Видимо, эта сцена не произвела на берсеркера ни малейшего впечатления. Во всяком случае, Учитель никак не прокомментировал возмутительное поведение живой единицы.
Впрочем, подумал Гифт, Учителя могло отвлечь некое неизвестное людям обстоятельство, помешавшее ему продолжить наблюдение.
Гифт несказанно дивился дерзости пленного Тамплиера. Это было своего рода безумие, возможно, вызванное действием каких-то наркотиков. Время от времени беспомощный пленник снова начинал петь песню — ту самую, которую когда-то рычал Траскелук.

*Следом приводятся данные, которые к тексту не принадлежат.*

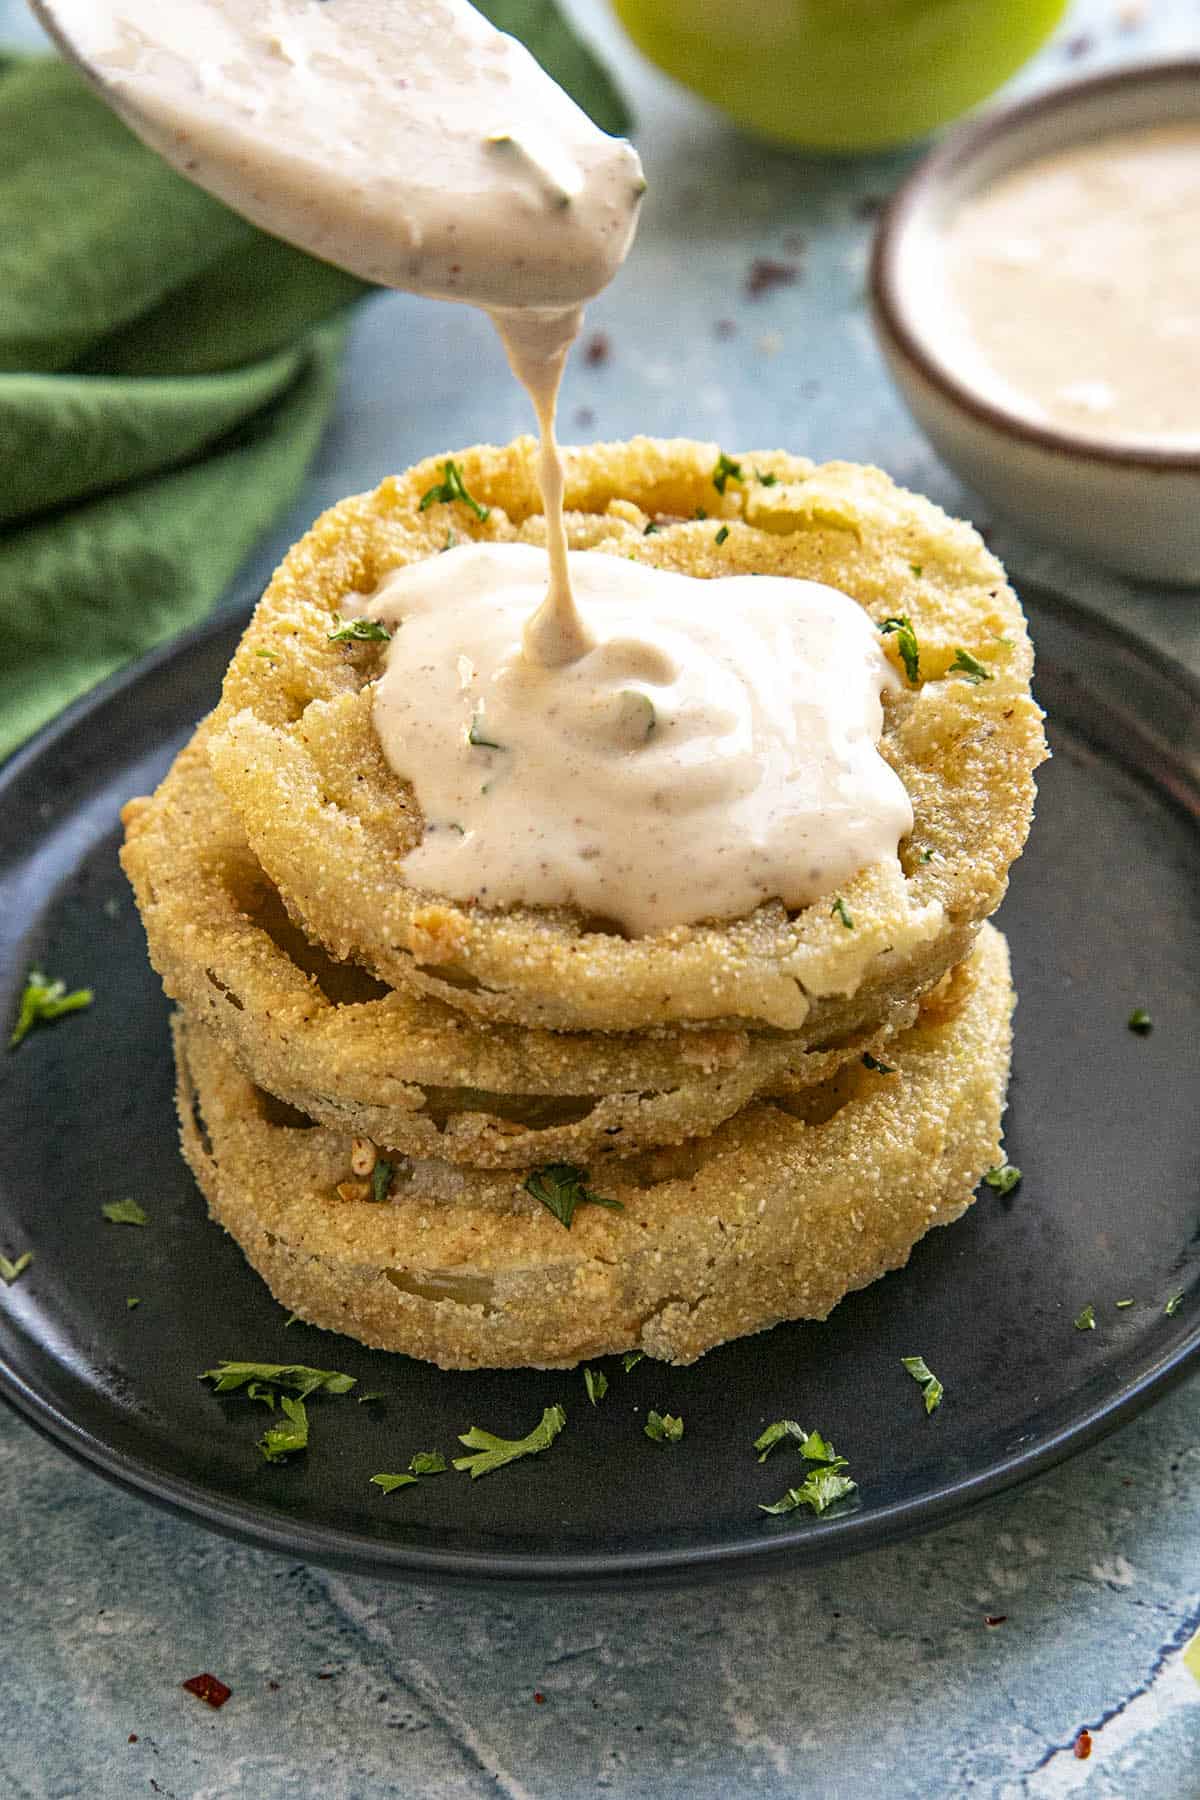 Drizzling creamy remoulade over Fried Green Tomatoes

Песня еще раз возбудила любопытство берсеркера. Машина прервала ее и скрипучим голосом спросила, что означают слова о расплавленной стали.

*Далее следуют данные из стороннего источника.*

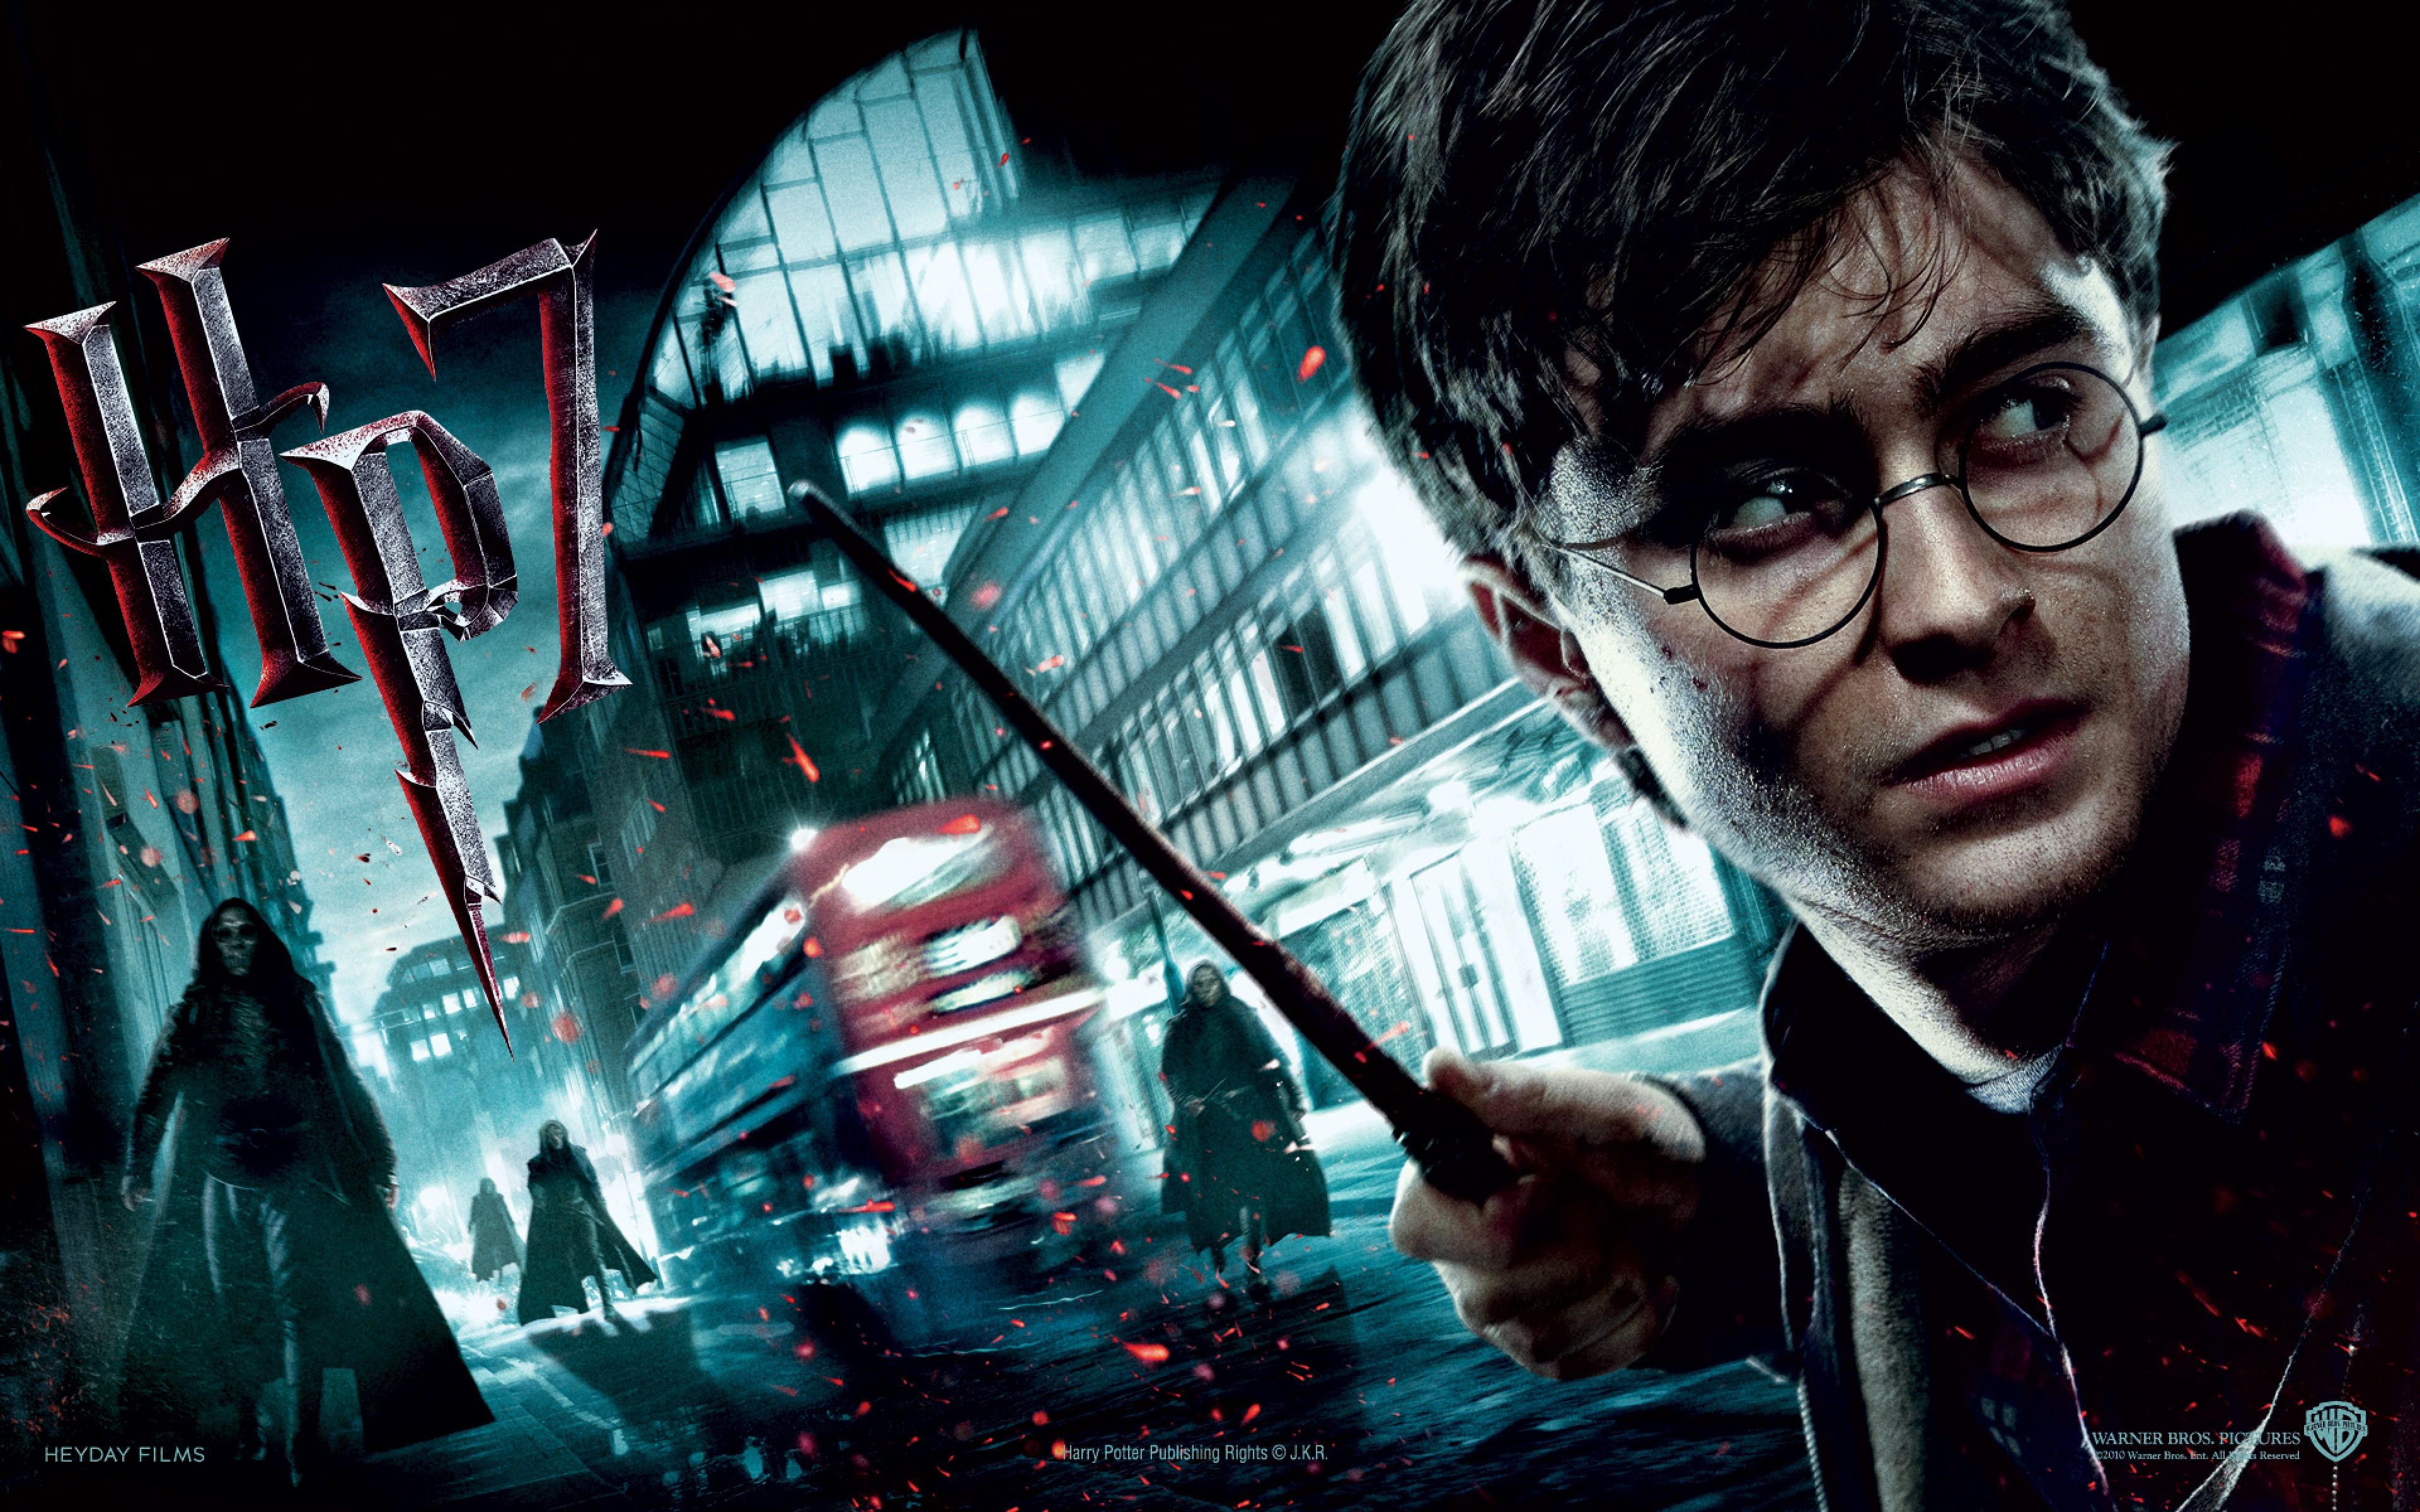 Download Wallpaper 3840x2400 Harry potter and the deathly hallows ...

— Ты расскажешь это либо сейчас, либо позже, во время допроса.
Но Тамплиер продолжал петь:
Лаваль переключил внимание на Флауэр и вновь начал расспрашивать ее. Голос «вице-короля» был вкрадчивым и тихим, но в его манерах появилось нечто садистское. Он стал рассказывать девушке про страшные мучения, которым обычно подвергают пленников, и принялся убеждать, что ее статус доброжила пока ничем не подтвержден.
Гифт хотел было прикрикнуть на мерзавца, но понял, что это отнюдь не облегчит Флауэр жизнь.
Кроме того, Лаваль сумел намекнуть, что Гаврилова тоже нельзя считать настоящим доброжилом.
Естественно, Гаврилов возмутился, и мужчины обратились к машине, попросив рассудить, кто из них прав.
Скорее всего слова Лаваля были пустой болтовней. Как только люди сообщали машине всю полезную для нее информацию, их быстро убивали. В конце концов, целью берсеркеров была смерть, а не боль. Боль — часть жизни.
Уничтожение органических тел, как и все остальное, связанное с людьми, было делом грязным, хлопотным и требовало от убийц множества дополнительных усилий. Следовало удостовериться, что все микроорганизмы, неизбежно существовавшие в телах соларианцев, также тщательно истреблены. Микробы тоже были живыми организмами — следовательно, их требовалось уничтожать. Берсеркерам удалось вычислить, что к той же категории относятся и вирусы.
Среди специалистов, никто из которых в глаза не видел настоящего берсеркера, было широко распространено мнение, что в обмен на сотрудничество машины даруют пленникам быструю смерть, выкидывая их голыми в космос. Или бросая в некое подобие огненной печи, где органика становится топливом для двигателей и где не могут выжить даже микроорганизмы, неизменно присутствующие в телах зложити.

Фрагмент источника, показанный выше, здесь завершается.